From: http://arstechnica.com/tech-policy/news/2009/01/judge-17000-illegal-downloads-dont-equal-17000-lost-sales.ars

Remember this thread is about all piracy, not just of games, otherwise it would be in the gaming discussion section.

Saying 'Piracy absolutely effects sales', is fine the question is by how much. If it is only a by a little is it actually worth all of the anti-piracy stuff we are going through at the moment.
Sorry I thought we were talking about current day ideas, not mindsets from 2007 which were overturned by the courts.

Say you're running a small business and I only take a fifty out of the register every month. Is it still worth trying to catch me in the act? What if you say no big deal take the fifty, how much will I take then when I know you don't care enough to try and do anything to stop me?

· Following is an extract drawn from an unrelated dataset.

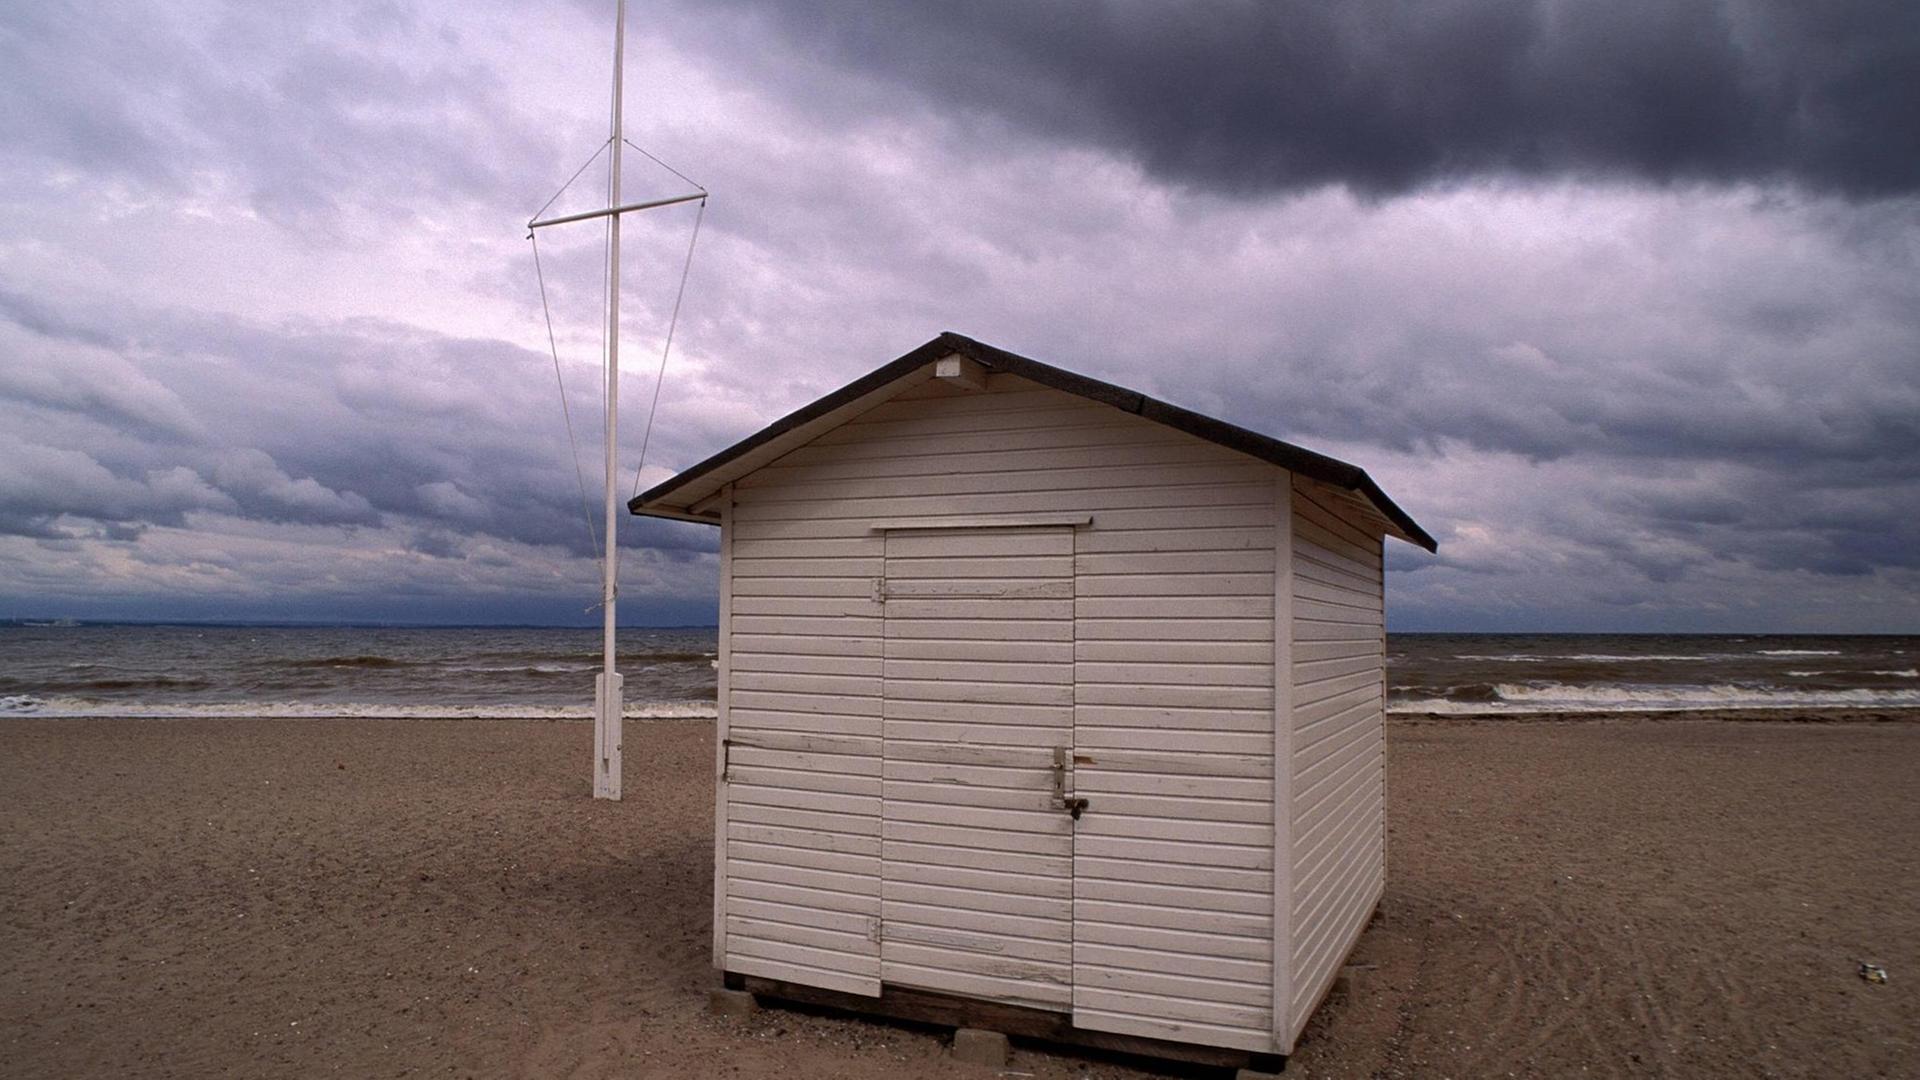 Hütte am Strand, dunkel aufziehende Wolken.

It would be a debate on whether individual downloaders should be gone after, how there could possibly be a debate on large companies who promote piracy is mindblowing.

Actually overwhelmingly studies have shown that people, even given the opportunity to take more, normally dont. At least not a lot.

A study conducted at MIT had conditions where you earnt money based on your results in a test. 1 correct answer = $1. They and these test first with an invigilator who marked the papers and doled out the dollars but gradually reduced control eventually having the students taking whatever they had ernt without any regulation. Its was purely up to them. The amount taken went up, but not a lot, on average.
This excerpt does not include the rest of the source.